PlaywrightScraper kwargs:

  • browser_type: "chromium" | "firefox" | "webkit". Default: "chromium".
  • headless: Run browser headlessly. Default: True.
  • browser_args: Extra args passed to browser.launch().
  • context_args: Extra args passed to browser.new_context().
  • max_retries: Retry attempts per URL. Default: 3.
  • backoff_factor: Exponential backoff multiplier. Default: 2.0.
  • network_idle_timeout: Timeout in ms for the networkidle strategy. Default: 3000.
  • load_timeout: Timeout in ms for all other strategies. Default: 20000.
  • wait_for_selectors: CSS selectors to wait for after page load.
  • load_strategies: Loading strategy chain. Default: ["load", "networkidle", "domcontentloaded"].
  • no_retry_on: Status codes that abort retries immediately (e.g. [404, 410]). Default: None.

Instance Attributes

  • url (str): The URL this scraper was initialized with.
  • error (Exception | None): Set when a fetch fails under fail_fast=False in scrape_many. When set, html() returns "" and response_code() returns None.

Methods

All methods trigger a fetch (or cache restore) on first call. Subsequent calls return the cached/computed value.

async html() -> str

Raw HTML of the page. Returns "" if self.error is set.

async response_code() -> Optional[int]

HTTP status code. Returns None if self.error is set.
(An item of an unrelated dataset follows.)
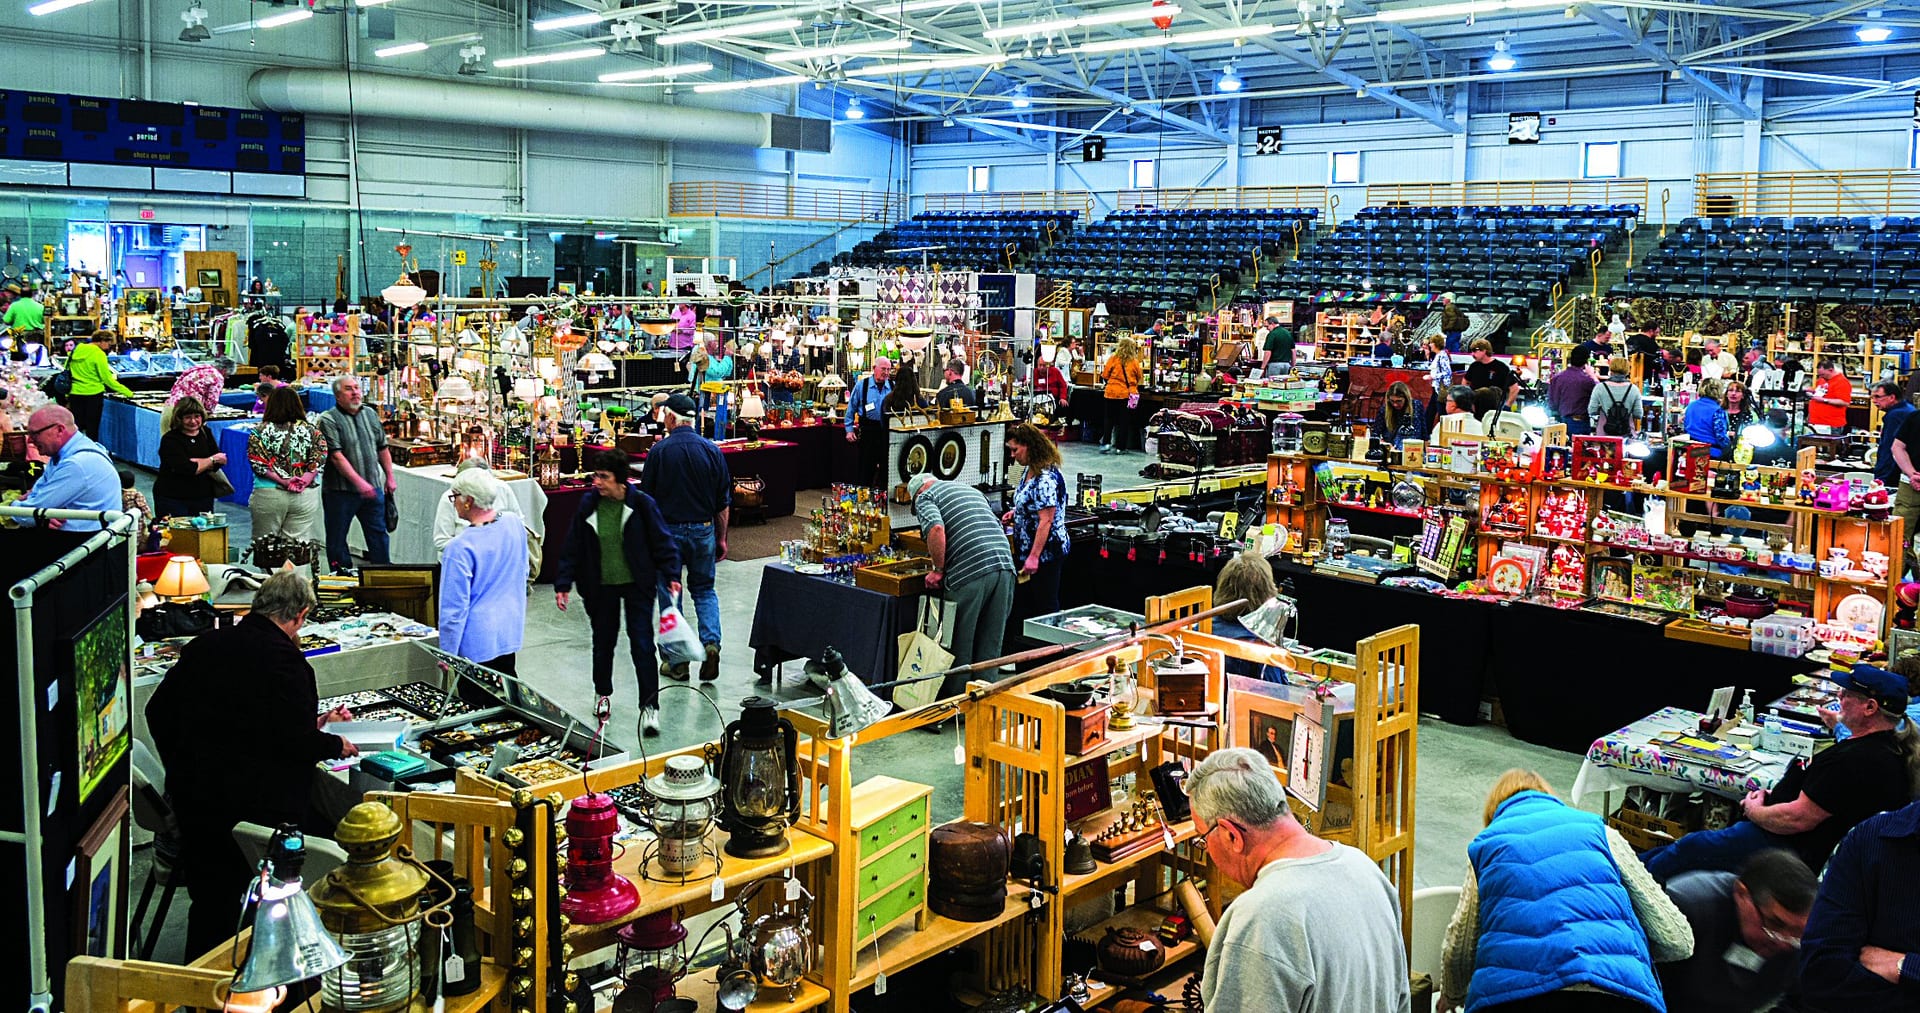 Million Dollar Antique Show at the Ice Center April 20-22

async response_headers() -> dict

HTTP response headers from the final response. Cached alongside HTML.

async redirect_chain() -> list

Full list of responses during navigation. Each entry: {"url": str, "status": int}. Cached alongside HTML.

[
    {"url": "https://example.com/old", "status": 301},
    {"url": "https://example.com/new", "status": 200},
]

async final_url() -> str

URL of the last entry in redirect_chain(). Falls back to self.url if chain is empty.

async markdown() -> str

Page content converted to Markdown via html2text. Respects markdown_options.

async text() -> str

Plain text extracted via newspaper4k.

async authors() -> list

Authors detected by newspaper4k.

async article() -> newspaper.Article

Full newspaper.Article object with parsed content.

async soup() -> BeautifulSoup

BeautifulSoup object parsed from the HTML.

async seo() -> dict

SEO metadata parsed from the HTML. All keys are omitted if the corresponding tag is absent.

{
    "title": str,           # <title>
    "description": str,     # <meta name="description">
    "canonical": str,       # <link rel="canonical">
    "robots": {             # <meta name="robots"> — directives as keys
        "noindex": True,
        "nofollow": True,
    },
    "googlebot": { ... },   # <meta name="googlebot">, same shape as robots
    "og": {                 # <meta property="og:*"> keyed by suffix
        "title": str,
        "description": str,
        "image": str,
        "url": str,
    },
    "twitter": { ... },     # <meta name="twitter:*">, same pattern
    "hreflang": {           # <link rel="alternate" hreflang="..."> — values are lists
        "en-us": ["https://..."],
        "de": ["https://..."],
    }
}

@classmethod async fetch_bytes(url, cache=False, clear_cache=False, ttl=999, dynamodb_table=None, logging=True, **kwargs) -> Tuple[bytes, int, dict]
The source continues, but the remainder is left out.